Hooray, this was more like it. I learned many, many things about the Black Panther Party from this book. As the title implies, Austin doesn’t try to skate over the episodes of violence and the extremely violent rhetoric of the Party, but nor does he demonize them like my American history classes in high school. Austin discusses the tensions within the Party, the ones that arose naturally and the ones that had a bit of help from the FBI, and explores the work of the leaders, the growth of the Party, and the activities of the various chapters, meanwhile reminding me why I have a hard time trusting the government.

As I mentioned briefly in my review of The Rock and the River, which was the reason I sought out some more information about the Black Panther Party, the view of the Party that you probably got in your American history classes is not all there is to the story. Although the Party initially and repeatedly emphasized black power and the use of guns, including patrolling the cops to ensure that they were not using undue violence against black people, their focus shifted in later years to include social programs like free breakfasts and free medical clinics for the communities in which they were active. The Party received the most media coverage for violent rhetoric, run-ins with the law, and black separatism, but they were actually very willing to pursue alliances with white leftist organizations like the Peace and Freedom Party.

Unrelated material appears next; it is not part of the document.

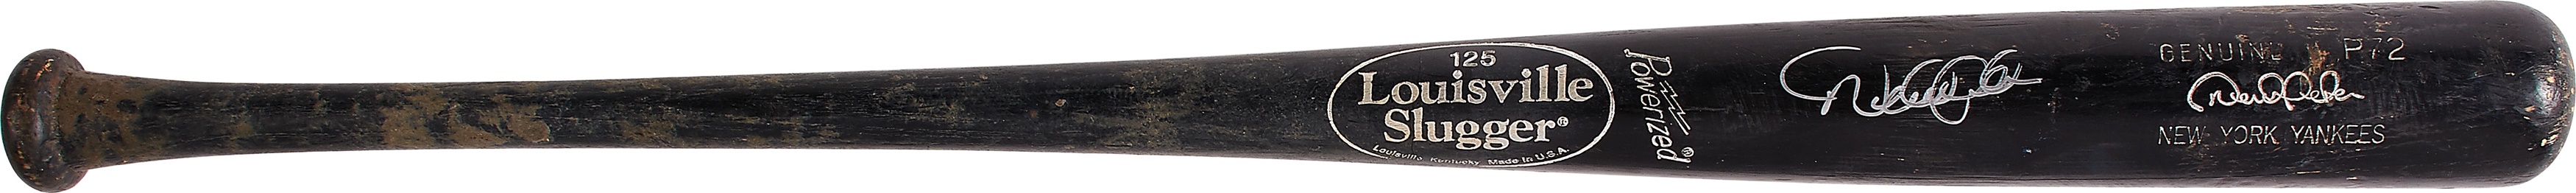 - 2014 Derek Jeter Game Used Bat From His Toronto Farwell

This is not, incidentally, to call the Black Panther Party blameless saints AT ALL. Eldridge Cleaver, for one, sounds like a total nutjob. The Party emphasized black masculinity, with the result that there was a fair amount of misogyny and unpleasantness toward the female members. Arguments among the leadership and between various chapters across the nation made it difficult for the party to maintain a clear message; fear of FBI informants caused many valuable party members to be purged for very slight reasons.

The biggest thing I took away from this book, however, is that J. Edgar Hoover was a terrible person. When he was in charge of the FBI, they did all sorts of shady things to discredit the Black Panther Party. They installed informants in the various chapters who would try to incite the Party to greater violence; they sent anonymous notes (swear to God) to local gangs telling them the Black Panthers wanted to kill them; they sent even nastier anonymous notes to Panther supporters claiming that the kids who attended the free breakfast programs were being sexually molested; and they would do raids on Panther headquarters and break their stuff and destroy their food! The food that they were trying to give to poor children with their free breakfast program! Why would anyone ever do that?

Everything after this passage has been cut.